PROVIDED DATA =>

-- Opening Marker --

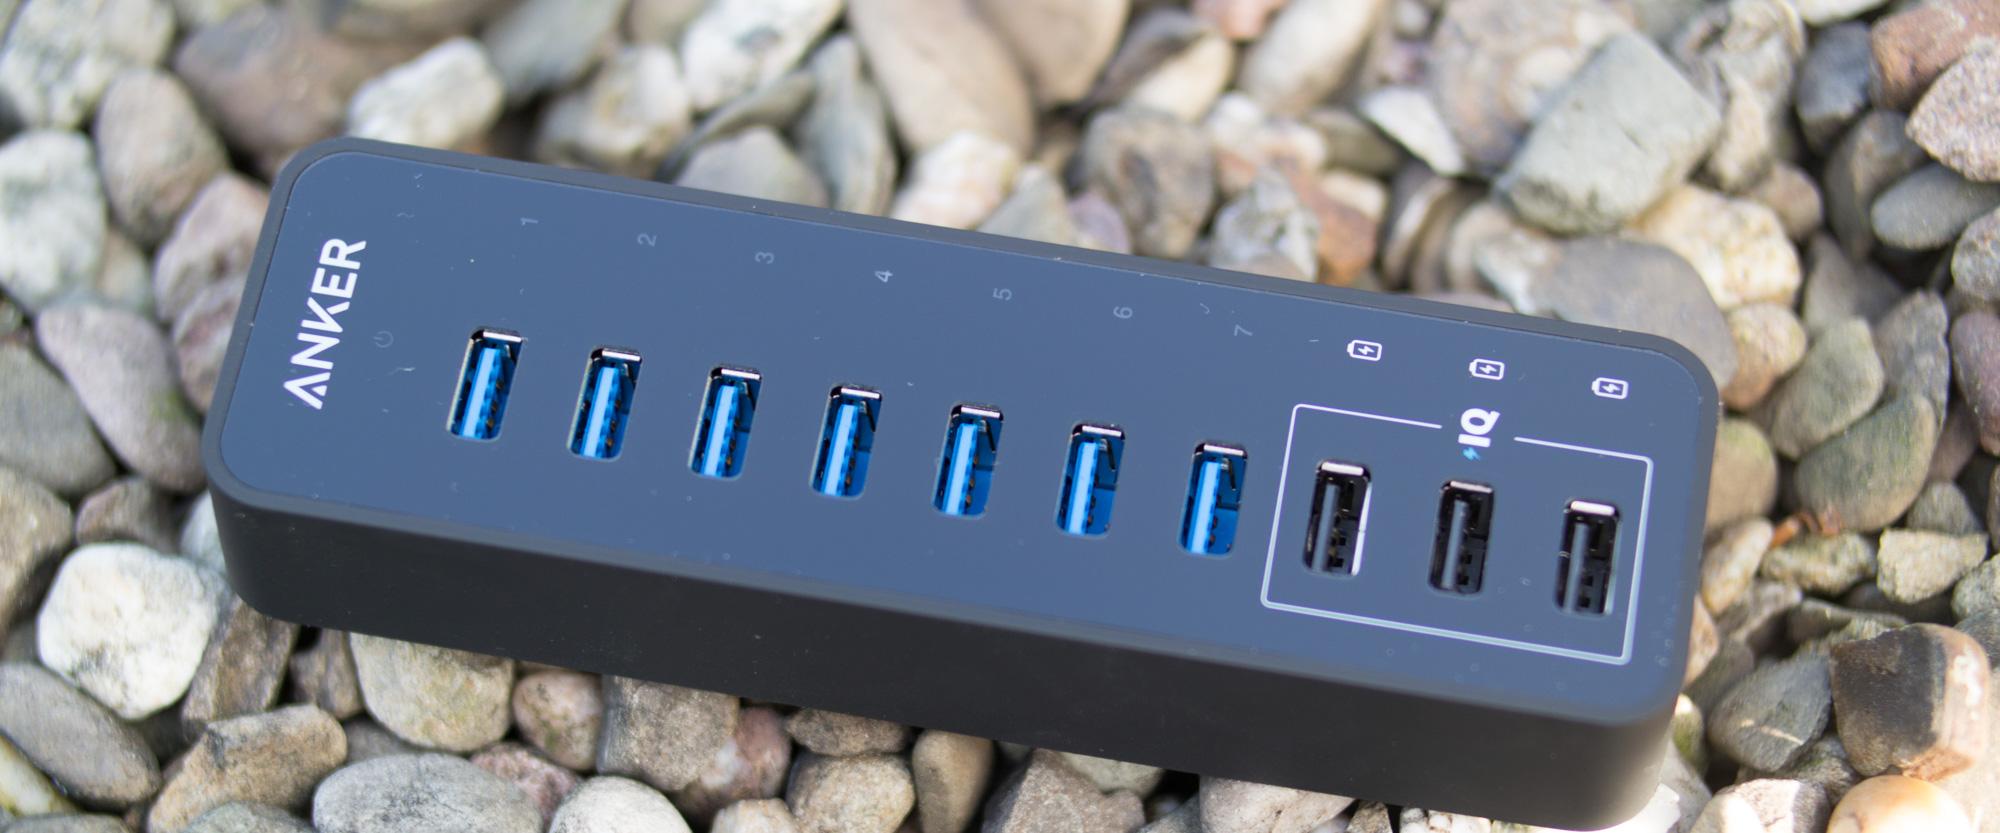 Anker 60W 7-Port USB 3.0 Datenhub
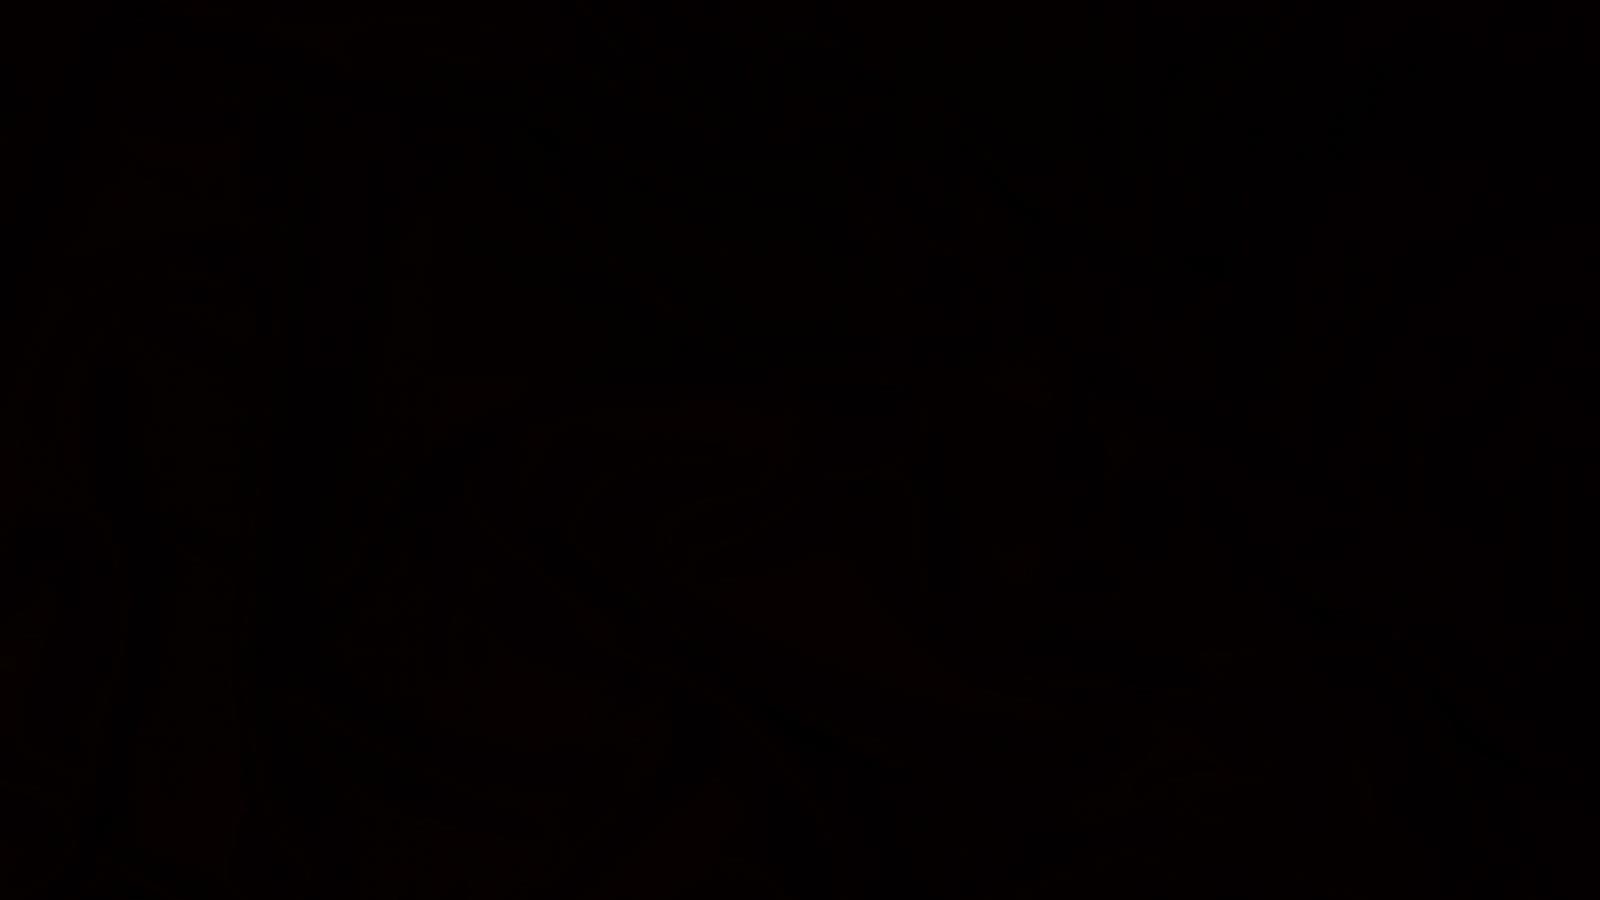 plain background images black | adsleaf
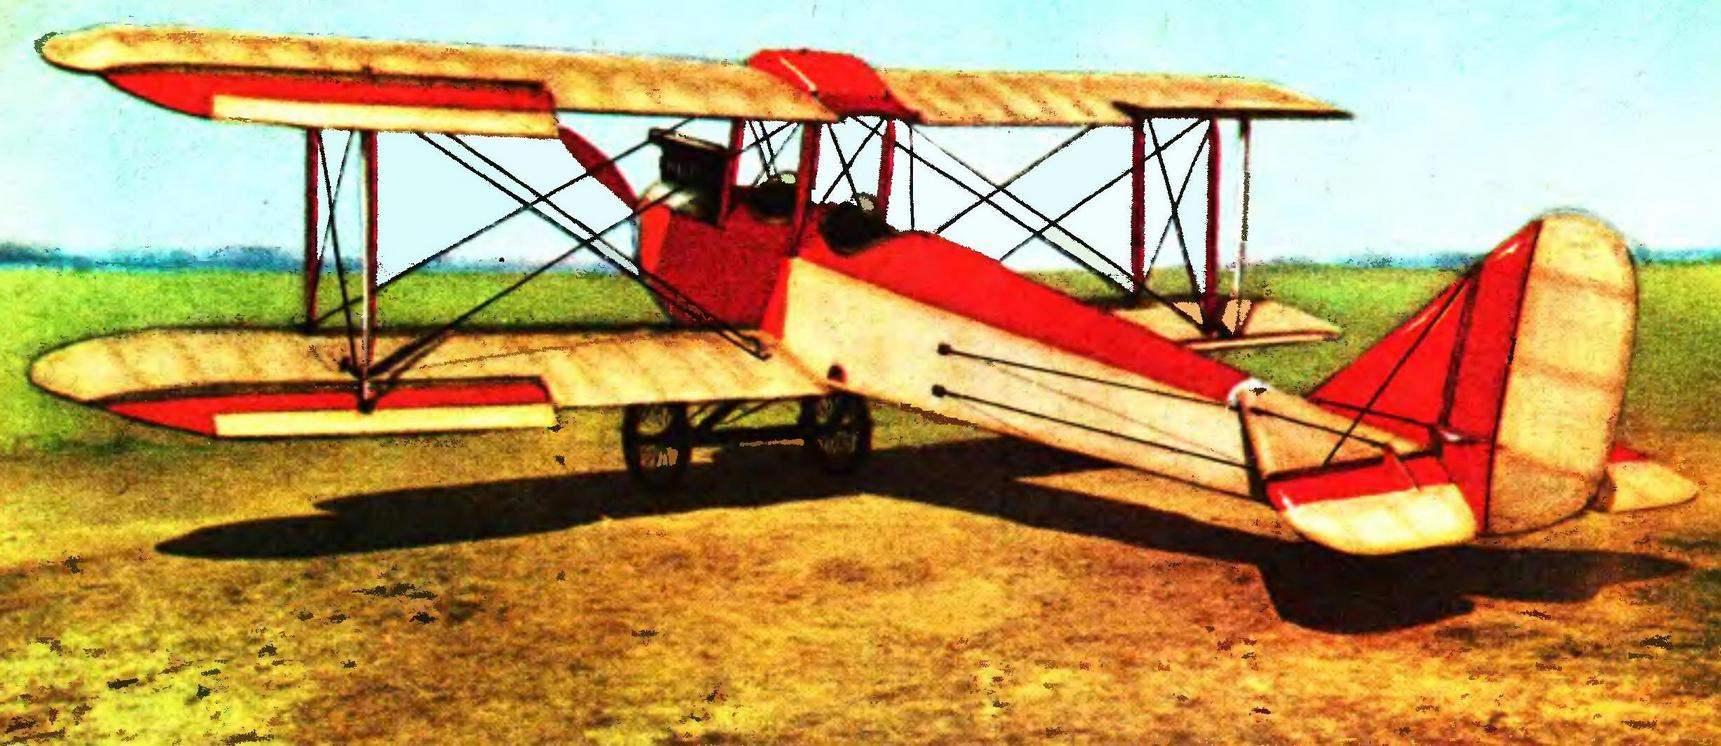 АИР-1. Первый самолет генерального конструктора А. Я. Яковлева.
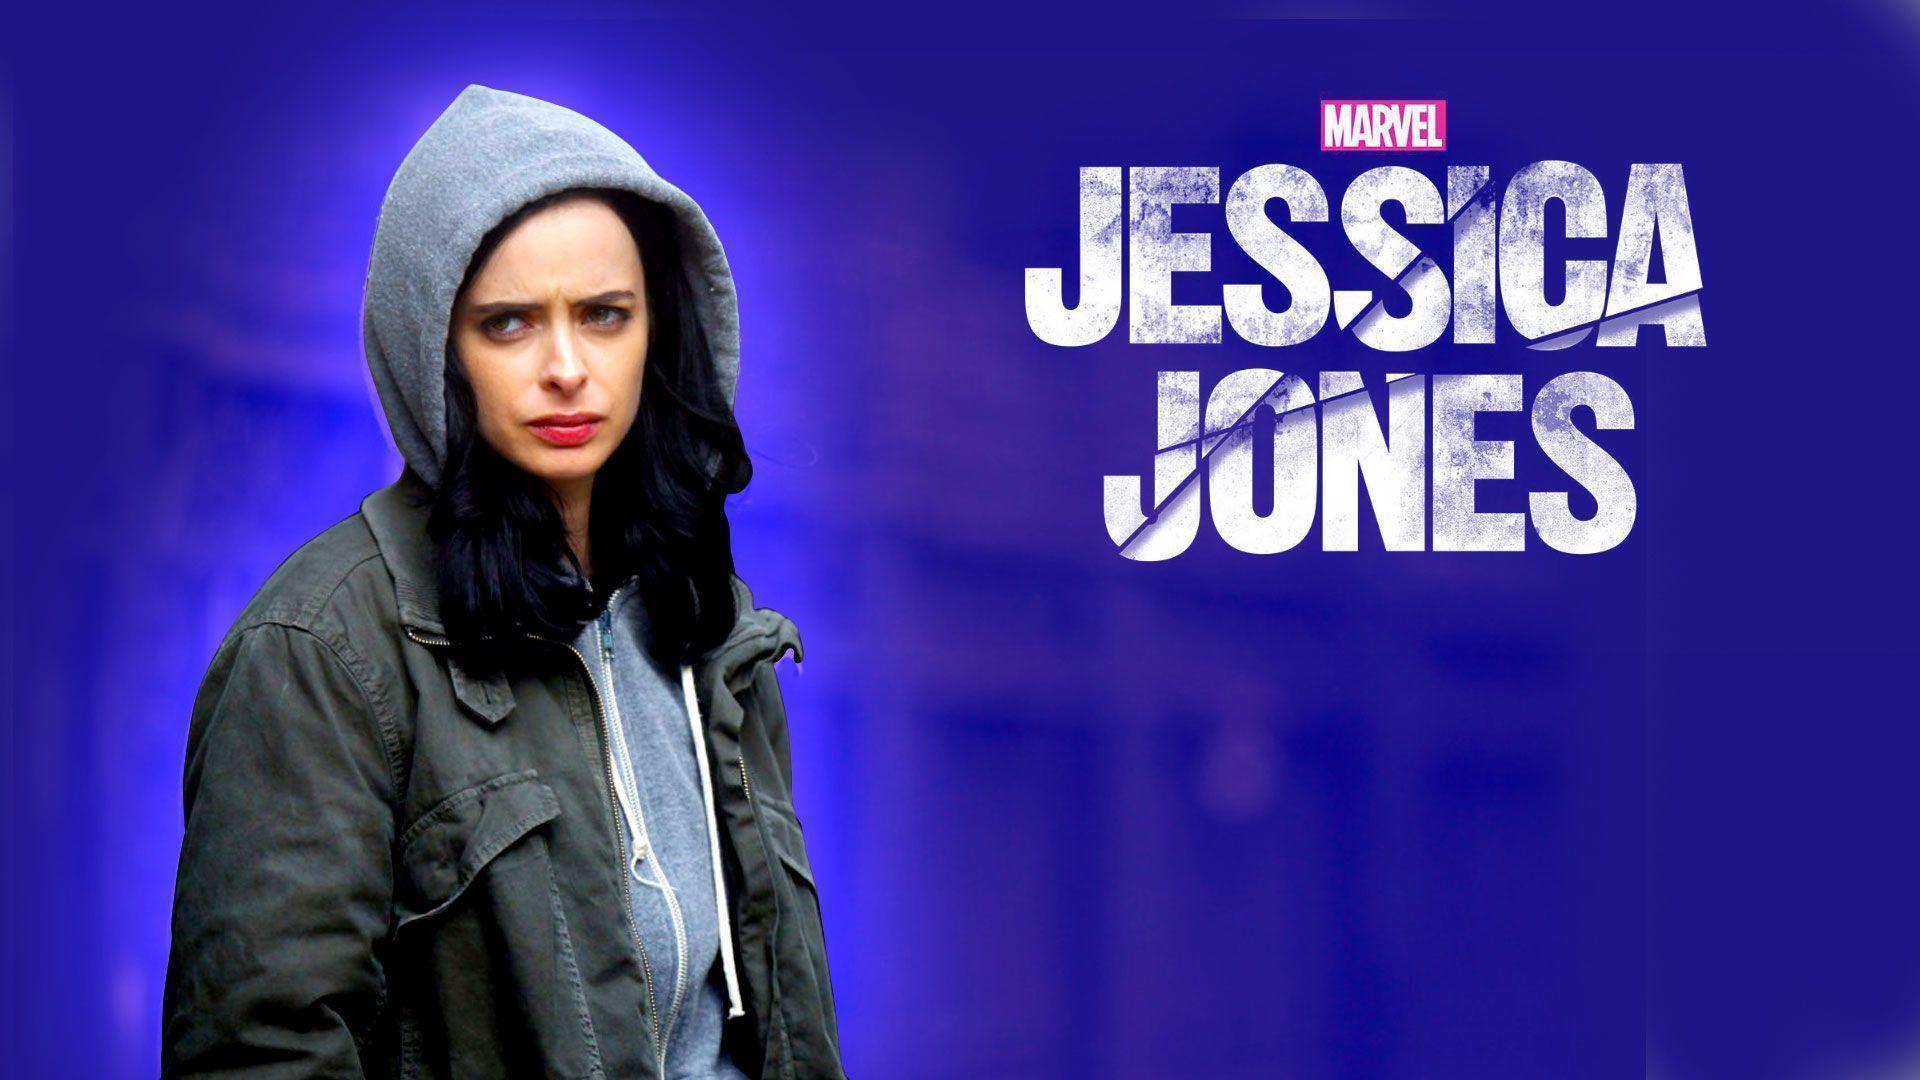 Download Jessica Jones Wallpaper Hd Backgrounds Download

-- Closing Marker --

INSTRUCTIONS FOR THE TASK => Repeat the data above exactly, leaving out any pictures it holds.

WRITTEN SOLUTION =>
 Anker 60W 7-Port USB 3.0 Datenhub
 plain background images black | adsleaf
 АИР-1. Первый самолет генерального конструктора А. Я. Яковлева.
 Download Jessica Jones Wallpaper Hd Backgrounds Download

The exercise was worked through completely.